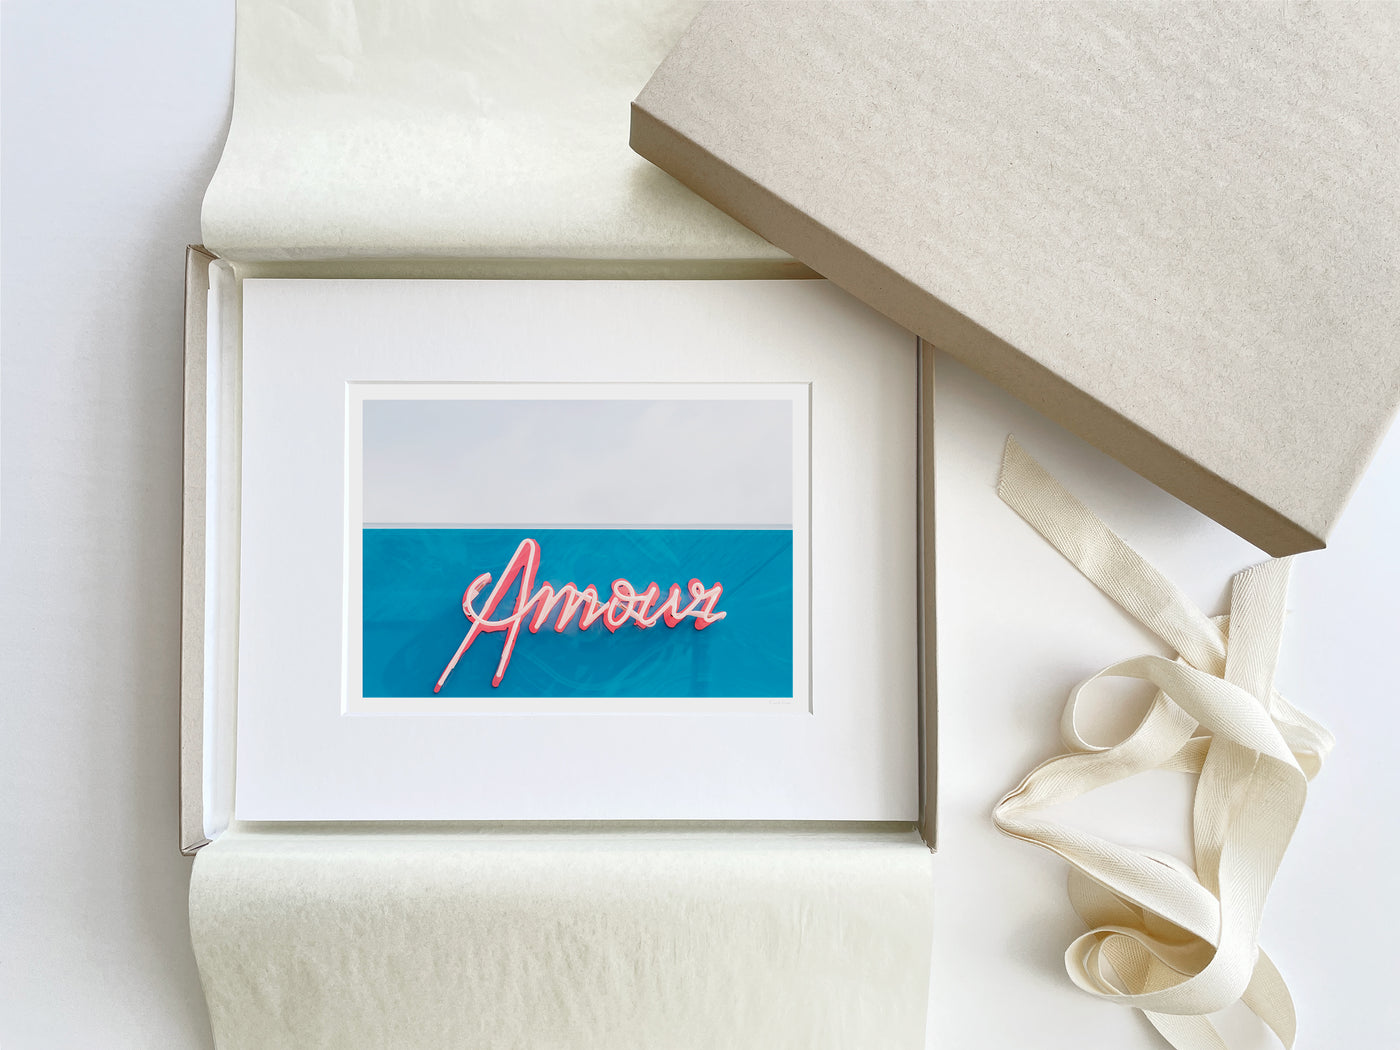 Amour - Art print by Cattie Coyle Photography in gift box
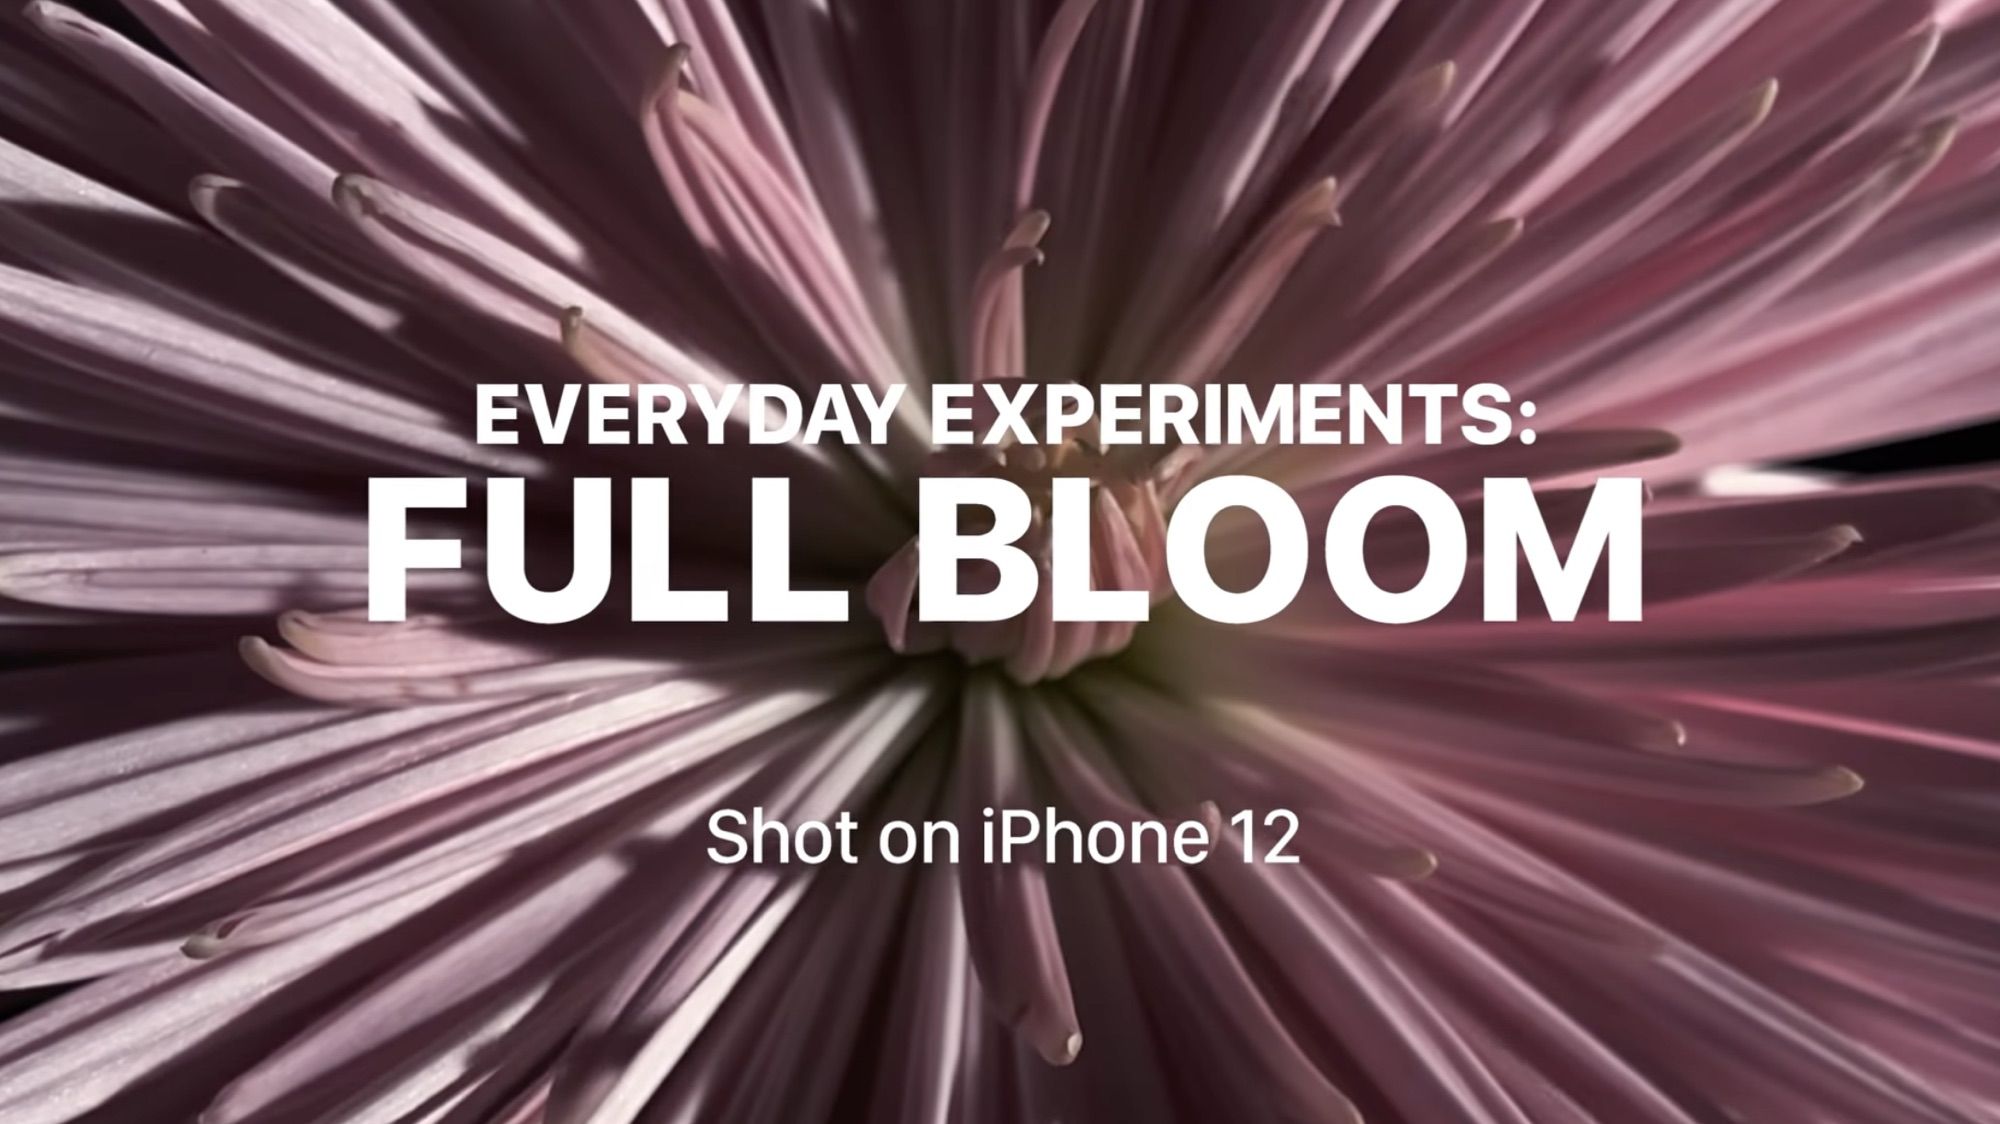 photo of Apple Shares 'Full Bloom' Shot on iPhone 12 Video Featuring Flowers image
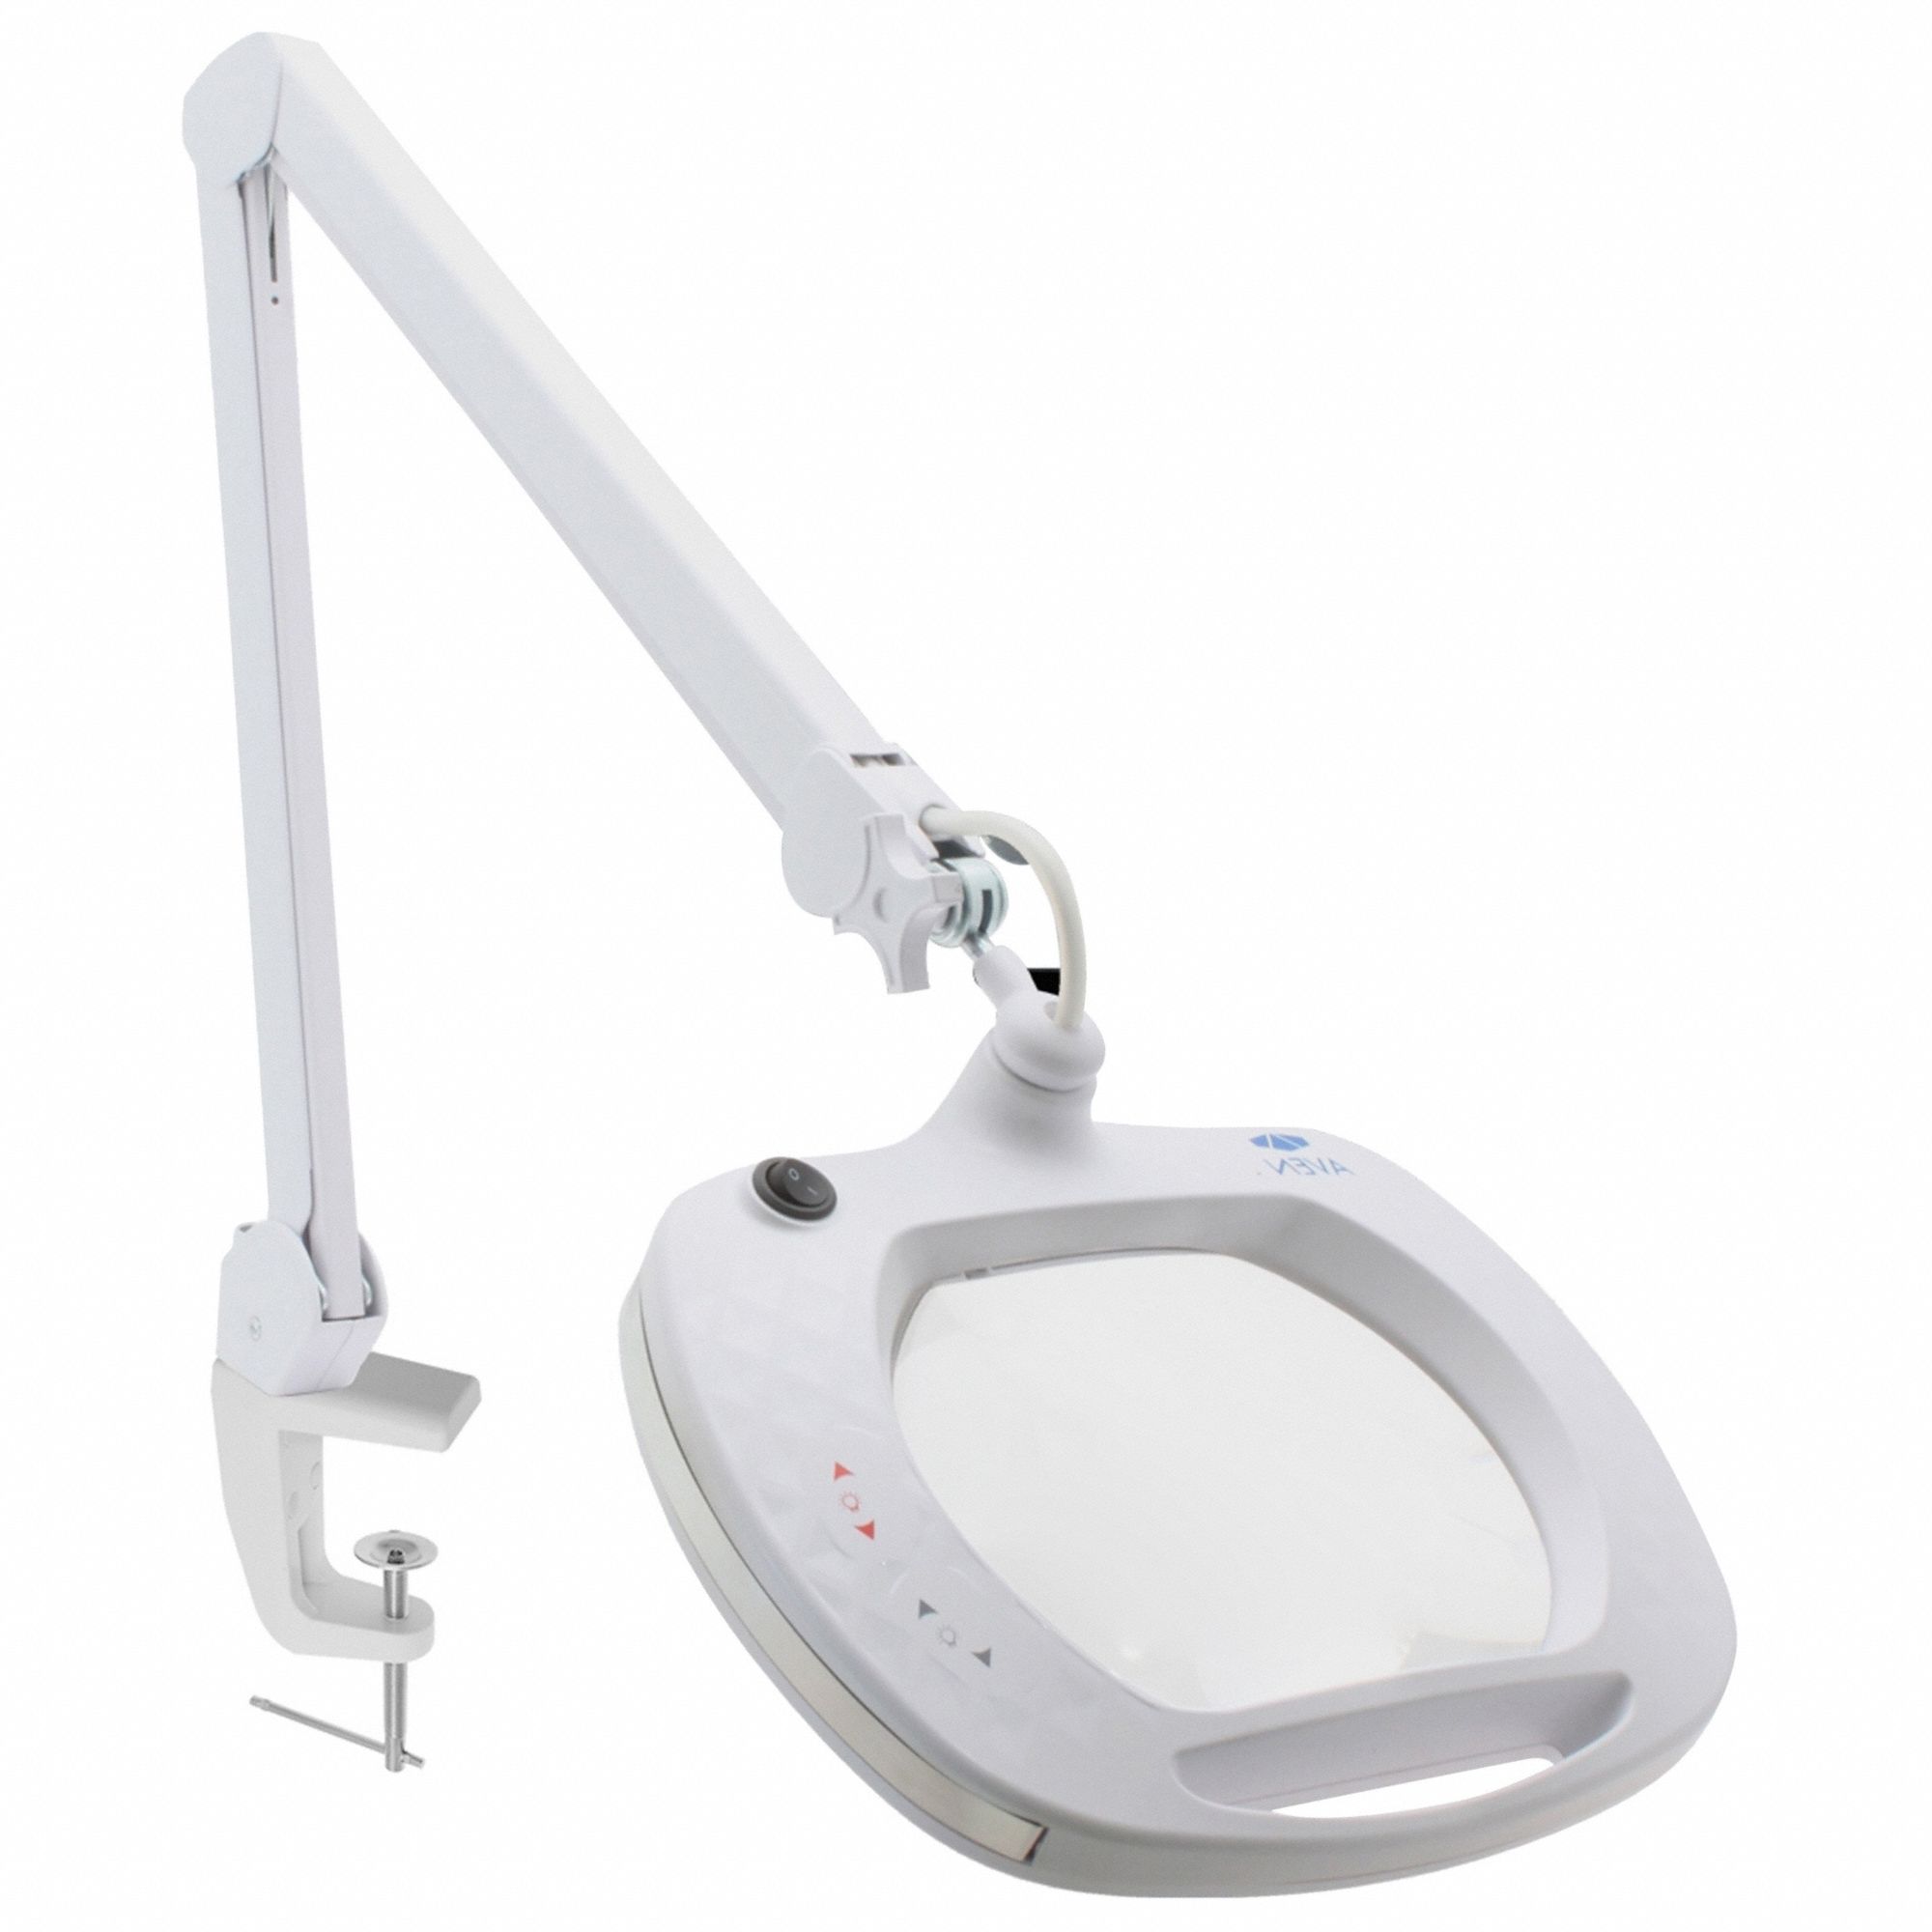 Prolite® Economy Fluorescent Magnifier - 3 Diopter (1.75x) - 36 Reach -  Table Edge Clamp - EM-36-B - O.C. White Co.
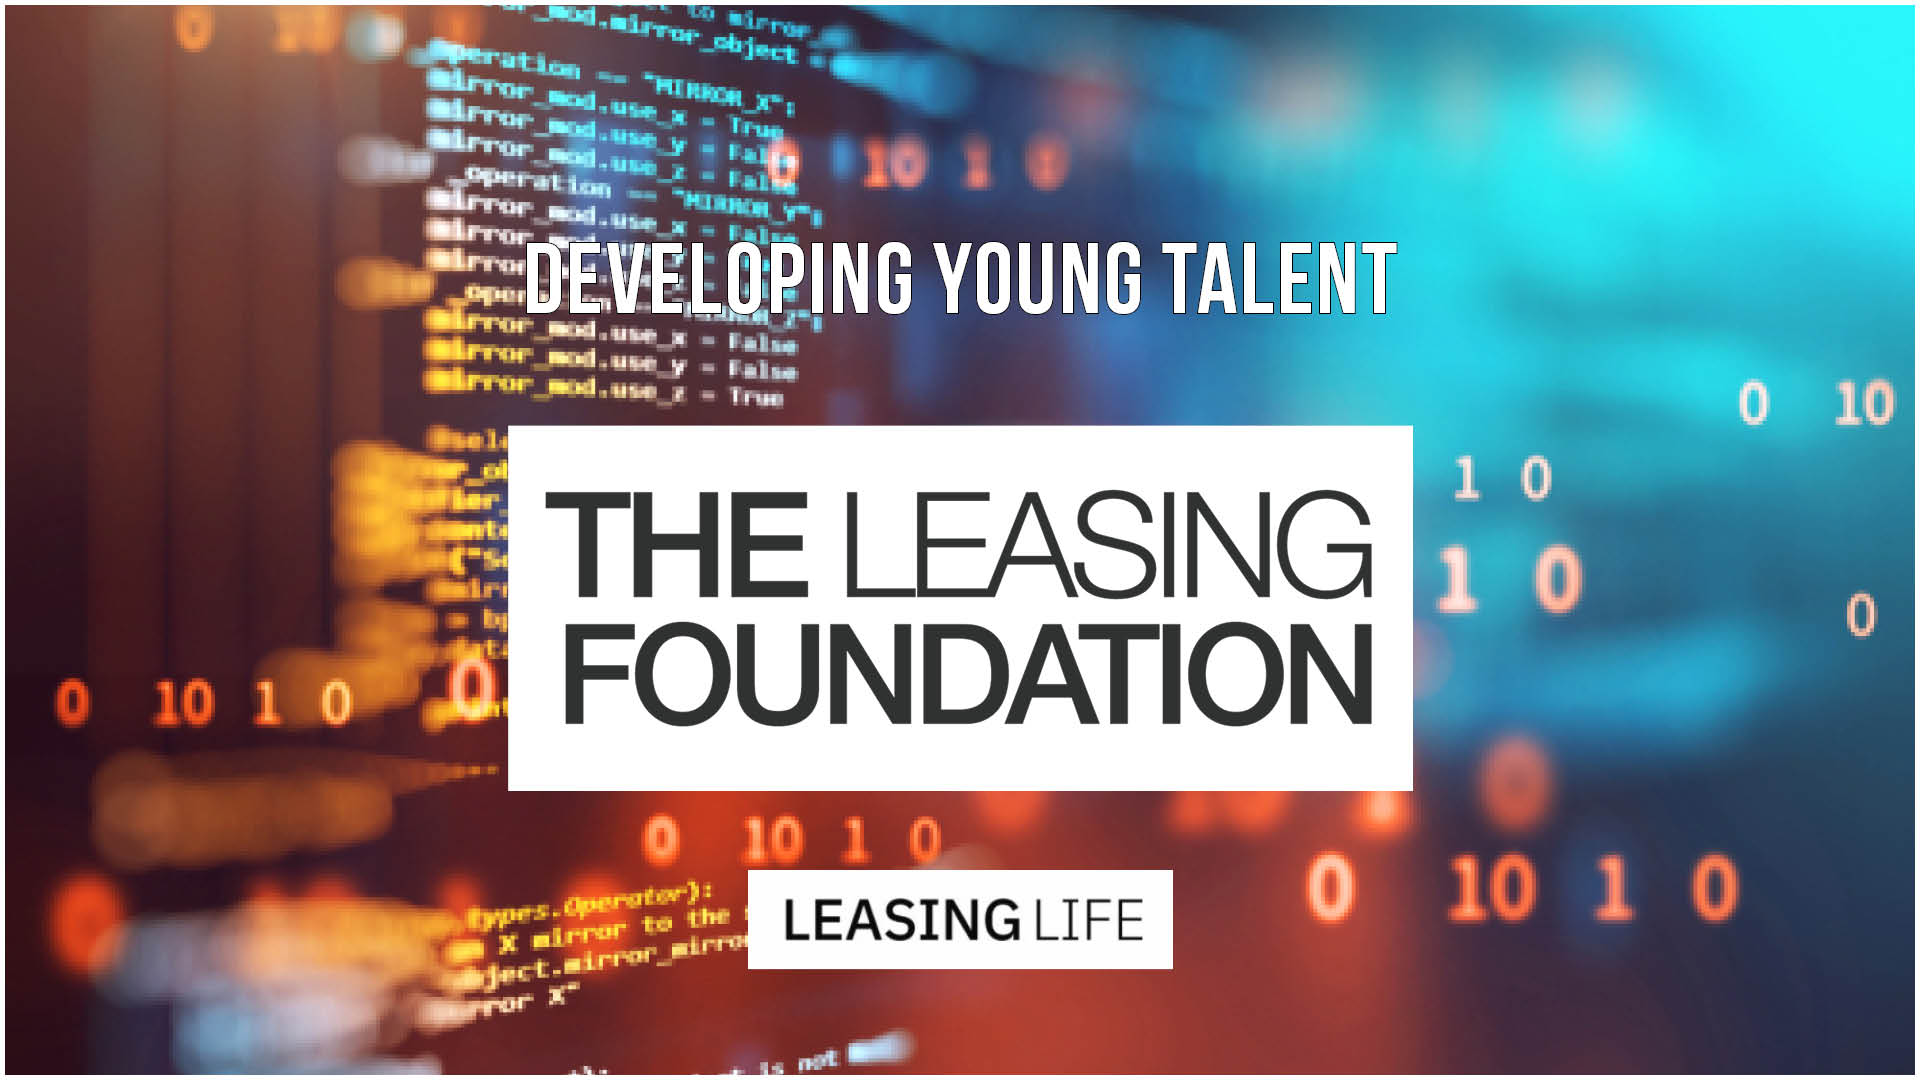 Leasing Foundation launches programme to foster young talent

## What the task requires:
Omitting the images, copy the listing exactly.

## Exercise output:
 Amour - Art print by Cattie Coyle Photography in gift box
 photo of Apple Shares 'Full Bloom' Shot on iPhone 12 Video Featuring Flowers image
 Prolite® Economy Fluorescent Magnifier - 3 Diopter (1.75x) - 36 Reach -  Table Edge Clamp - EM-36-B - O.C. White Co.
 Leasing Foundation launches programme to foster young talent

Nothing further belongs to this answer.